Loading pipeline components...:   0%|          | 0/6 [00:00<?, ?it/s]

In [9]:
from diffusers import StableDiffusionXLPipeline

In [10]:
pipexl = StableDiffusionXLPipeline.from_pretrained("stabilityai/stable-diffusion-xl-base-1.0", torch_dtype=torch.float32)

Loading pipeline components...:   0%|          | 0/7 [00:00<?, ?it/s]

In [11]:
pipe15 = StableDiffusionPipeline.from_pretrained("runwayml/stable-diffusion-v1-5", torch_dtype=torch.float32)

Loading pipeline components...:   0%|          | 0/7 [00:00<?, ?it/s]

`text_config_dict` is provided which will be used to initialize `CLIPTextConfig`. The value `text_config["id2label"]` will be overriden.
`text_config_dict` is provided which will be used to initialize `CLIPTextConfig`. The value `text_config["bos_token_id"]` will be overriden.
`text_config_dict` is provided which will be used to initialize `CLIPTextConfig`. The value `text_config["eos_token_id"]` will be overriden.


___

In [12]:
unet21, unetxl, unet15 = pipe21.unet, pipexl.unet, pipe15.unet
vae21, vaexl, vae15 = pipe21.vae, pipexl.vae, pipe15.vae

In [13]:
x = torch.rand(1,3,512,512)

In [9]:
latents21 = vae21(x).sample
latentsxl = vaexl(x).sample
latents15 = vae15(x).sample

In [10]:
latents21.shape, latentsxl.shape, latents15.shape

(torch.Size([1, 3, 512, 512]),
 torch.Size([1, 3, 512, 512]),
 torch.Size([1, 3, 512, 512]))

**Q:** This is wrong.

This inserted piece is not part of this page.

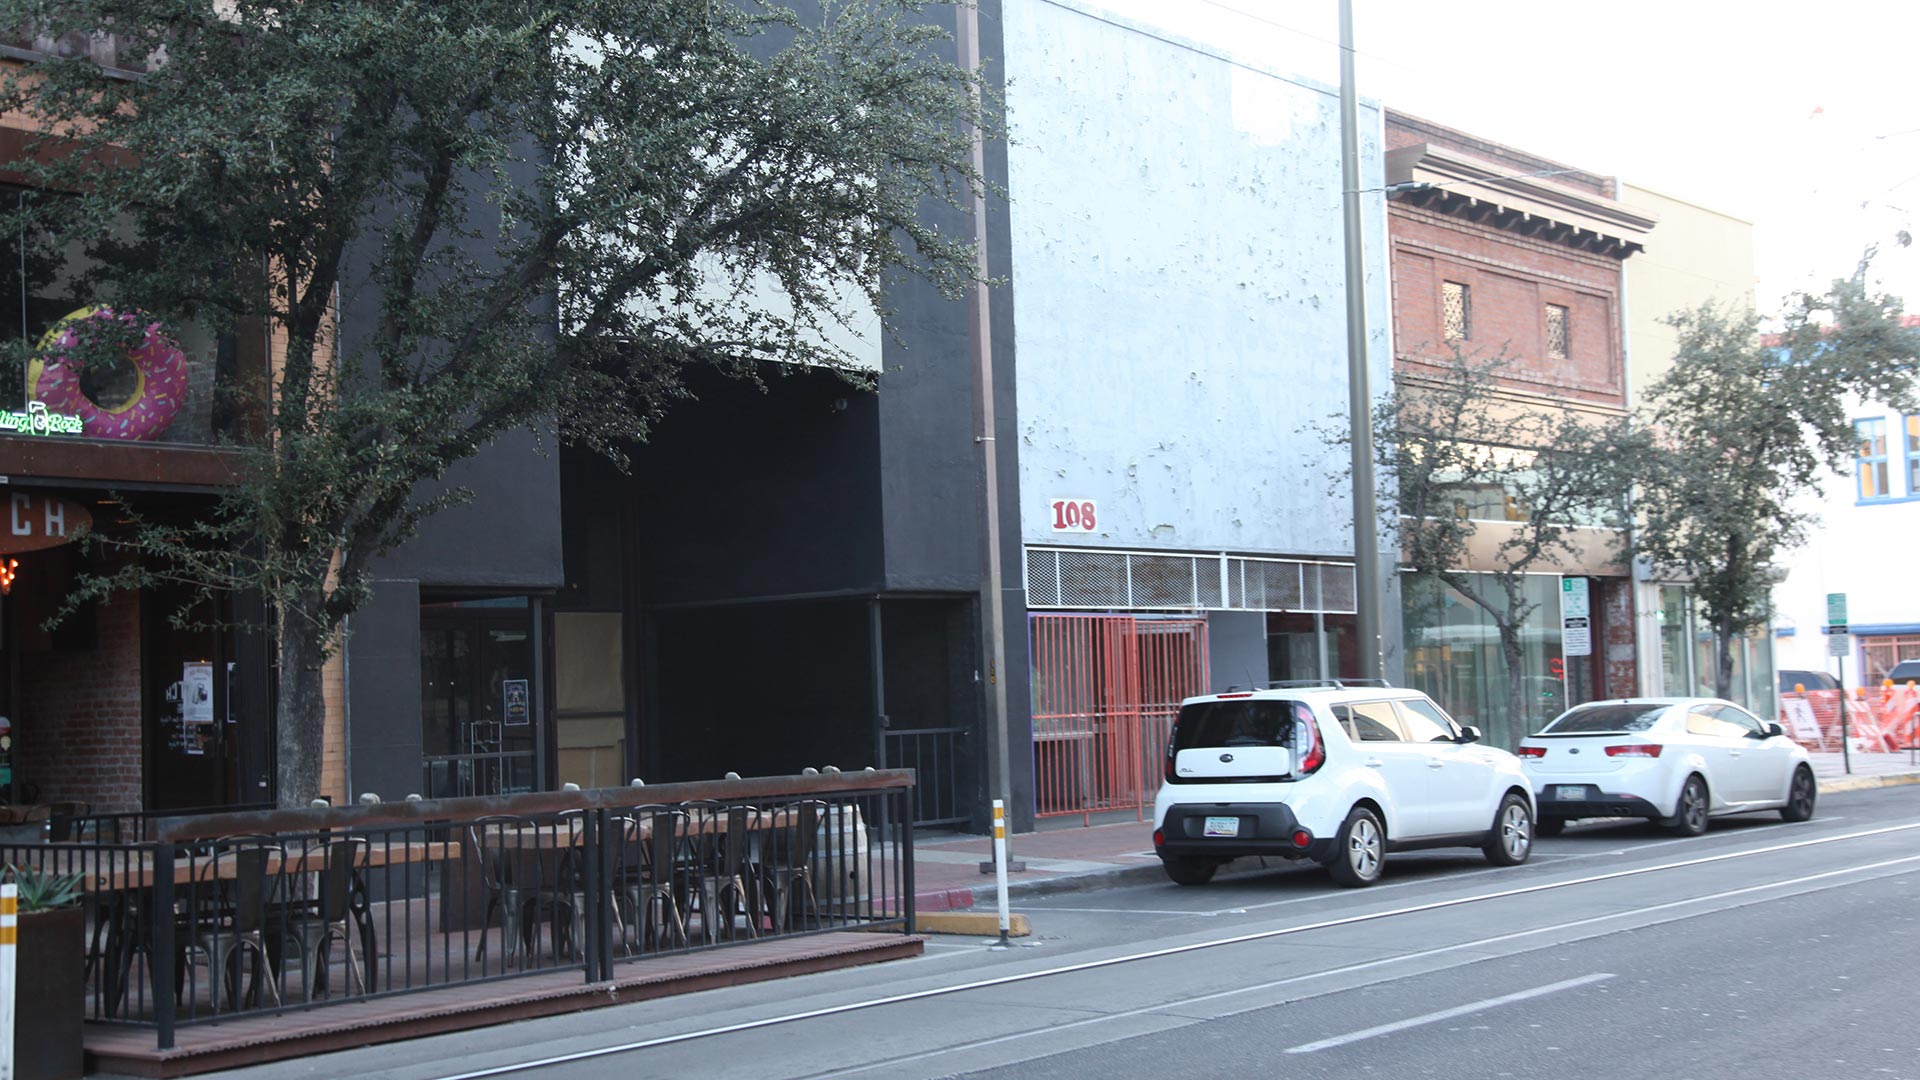 The two buildings at 110 and 108 East Congress are being turned into a space for Ten Fifty-Five Brewing Company's downtown taproom and craft sausage restaurant.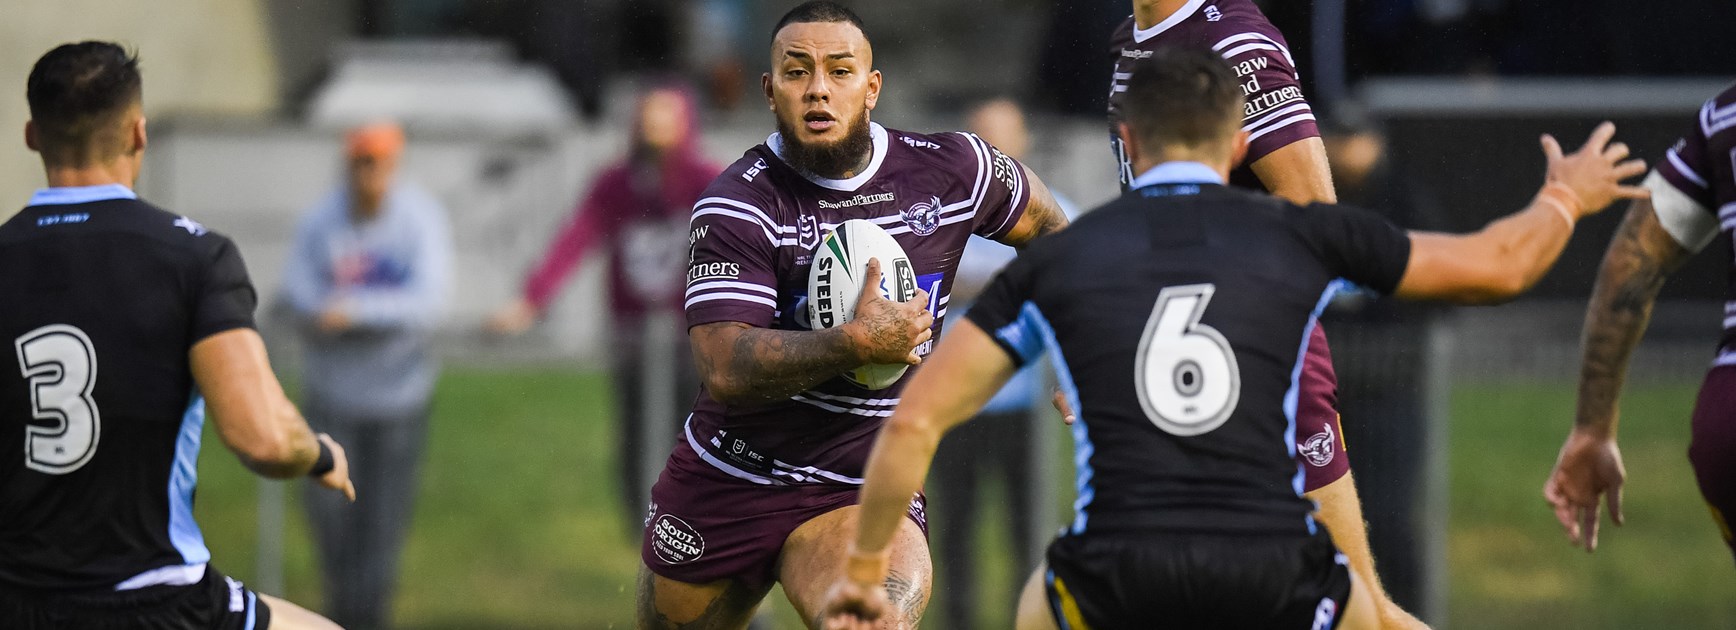 Hasler expects Fonua-Blake to excel

A vae tranforms an image `3x512x512` to a latent `4x64x64`. What am I missing?

In [11]:
public_attrs(vae15, contains=['enc', 'cal', 'for'])

['call_super_init',
 'disable_xformers_memory_efficient_attention',
 'enable_xformers_memory_efficient_attention',
 'encode',
 'encoder',
 'forward',
 'ignore_for_config',
 'register_forward_hook',
 'register_forward_pre_hook',
 'set_use_memory_efficient_attention_xformers',
 'tiled_encode']

In [12]:
vae15.encode??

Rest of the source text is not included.